Games or other carefully tuned programs that carefully lay out data in memory may not be much affected I guess.

Why do both of these feature only the physics benchmark? The second link illustrates that Intel still wins in single core performance.

I don't think there's any question that Intel will win in single-thread performance. AMD has never stated the opposite. They will, though, manage to deliver much more cores despite only being a tiny bit behind in single-core, which is a very big difference from e.g. Bulldozer.

Yeah, Intel will remain the single-thread king. But I feel like intel have backed themselves into a corner here.

The main reason intel is getting better single-thread performance is the higher clock speeds. I think the graphs even suggest that zen is getting higher IPC.

I really doubt Intel can push the clock speeds much higher. Intel really need to find more IPC somewhere, otherwise future versions of Ryzen (Zen+, Zen++) will overtake the intel chips as AMD refine the Zen design to improve IPC and improve clock speeds at the same time.

Intel wins on single thread… on the desktop line (4 cores max). Summit Ridge is competing against the overpriced "enthusiast" lineup (Haswell-E/Broadwell-E), which doesn't clock nearly as high as Skylake/Kaby Lake.

personally hoping for ECC support on the AMD consumer chips, because Xeon pricing right now is just a total and utter ripoff. For the growing in-memory database world this would be huge.

Link points at something else. Even the edited link below..

Groxx has the correct link

And consumes twice less WATs!

AMD really needs to start competing on price. Match Intel and Nvidia performance, at 75% TCO.

Given early benchmarks are showing that the Ryzen 7 1700X ($390) is performing similarly to the Intel Core i7-6900K ($1050), they definitely are going in that direction.


If that's true they are vastly under cutting the market and I do see these cheap prices staying for the next gen.

I could be AMD trying to steal market share.

Which is what they need to do. They need a "rapid" increase in both market share and relevance, and the two are tied together. They can delay making a lot of profits until later. But it looks like AMD's architecture is significantly more cost-effective than Intel's, so even if they have to sell the chips at "only" 70% of Intel's price later on, for the same performance, they could still make significant profit on those chips.

I think they could carve out a niche by being the chip maker that produces a trustworthy computing environment that supports blob-free computing without the equivalent of Intel Management Engine.

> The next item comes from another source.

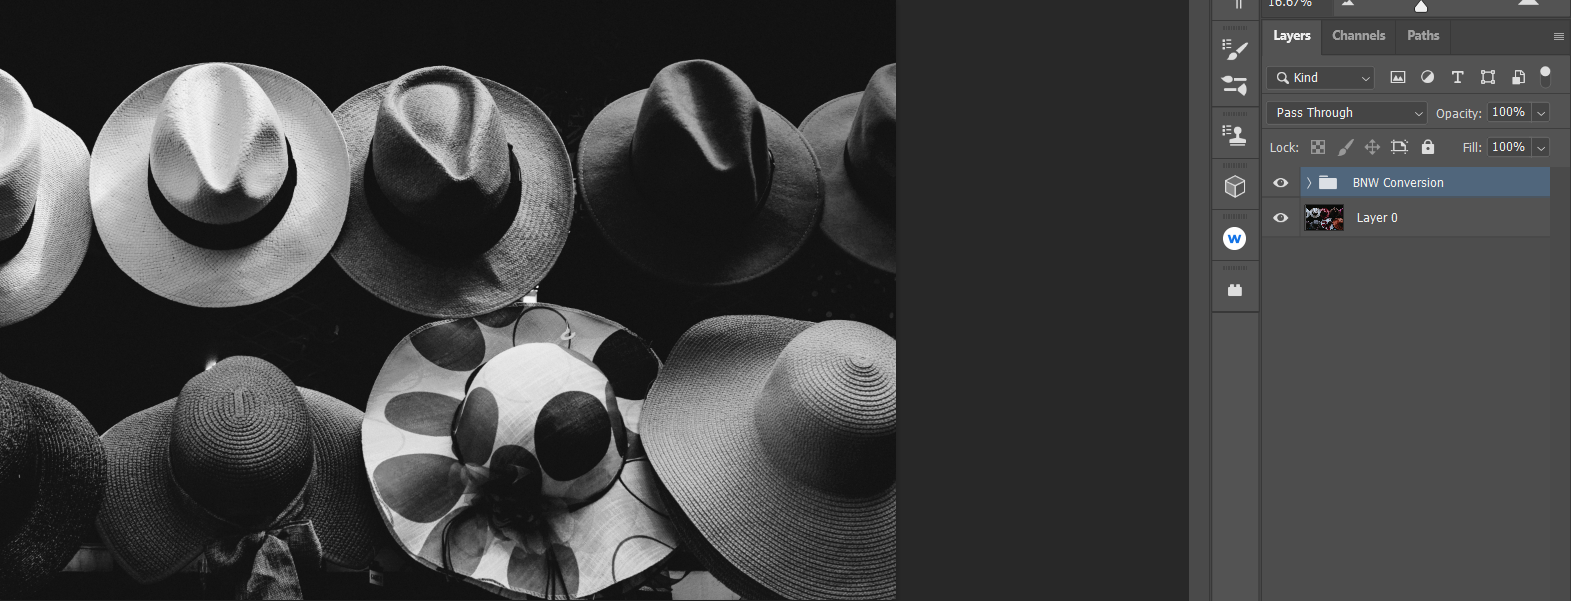 Hats After - Come creare immagini espressive in bianco e nero usando il colore in Photoshop

That plus your point about TCO could be a nice way of competing with Intel.

That's not a big enough niche to pay for fabs.

AMD are also pushing their custom fabrication. I believe all the current gaming consoles use custom AMD chips.

Although I'm sure there is little profit in that business model, but it would keep the workers busy.

AMD has their own thing called TrustZone[1].

If you read past the marketing speak it is made to allow software to run without the user being able to poke at it. I assume this is for DRM, but who knows what is running there.

[1] https://www.amd.com/en-us/innovations/software-technologies/...

Yes indeed. The current landscape (at least as I glean from the Core Boot people) is that AMD is at least as bad if not worse than Intel.

Isn't this essentially the direction they're going? They've been very friendly to open source lately and there new processors and graphics cards are hitting the 75% TCO.

That's pretty much what they do.

What do you mean by "start"? They already do so and their FX CPUs are cheaper than equivalently performing Ibtel CPUs.

This is exactly what AMD has done for the past decade on their CPUs.